To begin with, Trump has largely abandoned years of anti-corruption efforts in 
Central America, while his administration faces near constant accusations of 
corruption inside his own regime.
Specifically, 2018 will be remembered as the year the US government stopped 
supporting the International Commission Against Impunity in Guatemala 
(CICIG), the UN-backed adjunct prosecutor’s office in that country.
During nearly 10 years in Guatemala, CICIG-led cases have imprisoned 
presidents, vice presidents, vice presidential candidates, former ministers, 
bank owners, hotel owners, and many more.
But this year, current Guatemalan President Jimmy Morales - who is also 
under CICIG investigation - began lobbying the White House and its allies 
directly and eventually succeeded in cobbling together a coalition of accused 
elites.
Morales sidelined the CICIG and exiled its celebrated Colombian 
commissioner, despite pressure from US Congress to keep the judicial 
adjunct in the country.
Other presidents, most notably Honduras President Juan Orlando Hernández, 
has played a similar game and largely succeeded in neutralizing that country’s 
version of the CICIG, the Support Mission Against Corruption and Impunity in 
Honduras (MACCIH).
In February, Juan Jiménez Mayor, the head of the MACCIH, abruptly resigned
In an open letter published on his Twitter account, Jiménez said he left 
because of lack of support from MACCIH’s progenitor, the Organization of 
American States (OAS), and concerted efforts by the Honduran congress to 
undermine the Mission.
In both Honduras and Guatemala, there have also been constitutional 
challenges to the MACCIH’s and the CICIG’s mandates.

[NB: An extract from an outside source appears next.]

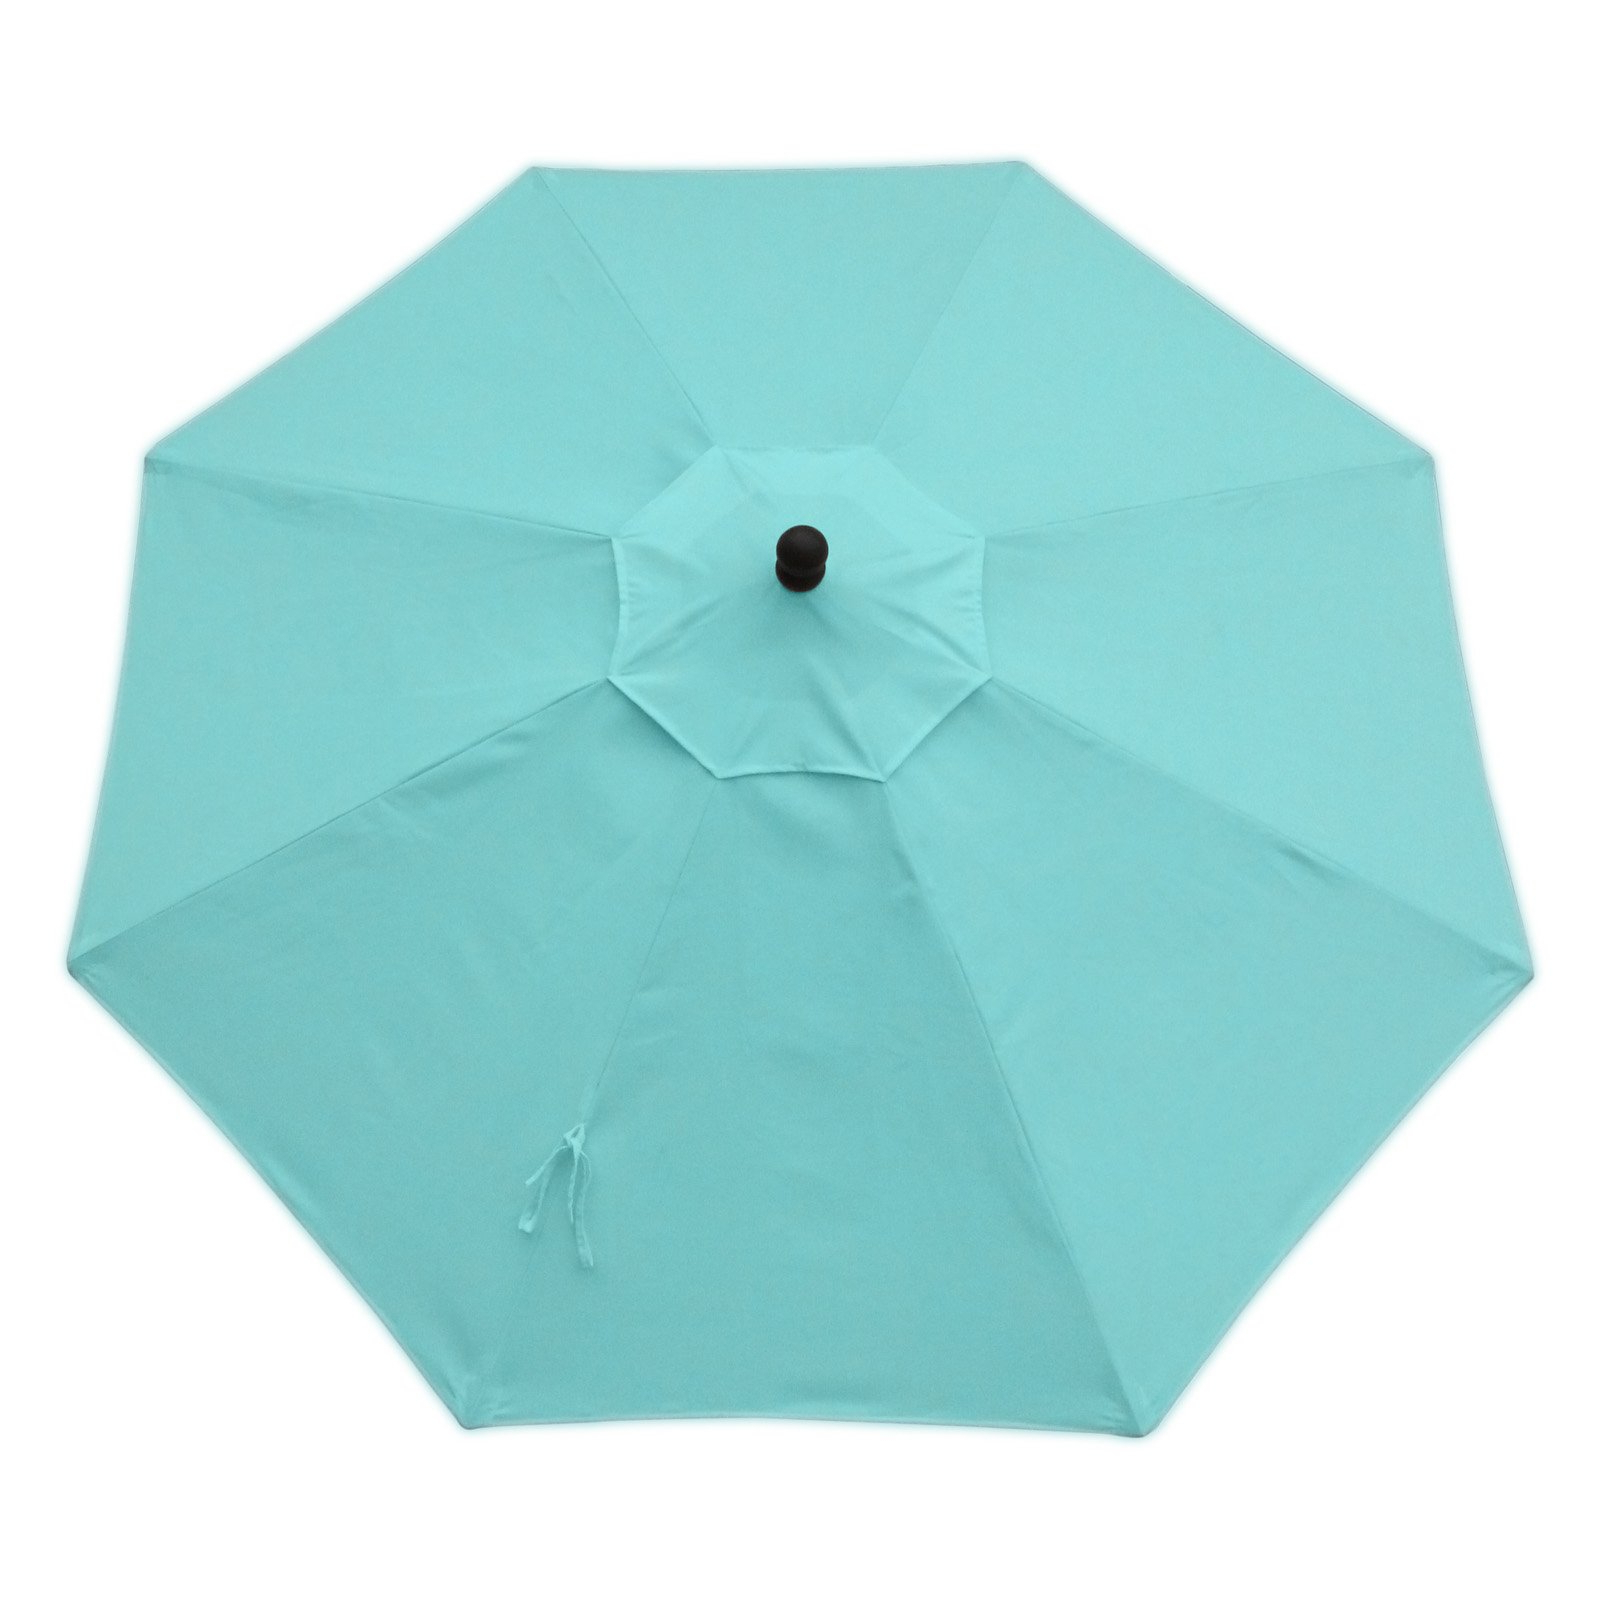 Wiechmann Push Tilt Market Sunbrella Umbrellas With Regard To Most Recent Bellini Resort 9' Market Umbrella Fabric: Canvas Heather Beige (View 18 of 20)

But, on a positive note, the re-election of the relatively active attorney general 
in Honduras may make efforts to neutralize anti-corruption forces there moot, 
most notably on one investigation that inches very close to President 
Hernández himself.
None of this seems to bother Trump, who spent 2018 engaged in a near 
permanent political campaign in the US, much of which revolved around 
conflating immigrants fleeing criminality with the actual criminal groups going 
after them, like the Mara Salvatrucha (MS13).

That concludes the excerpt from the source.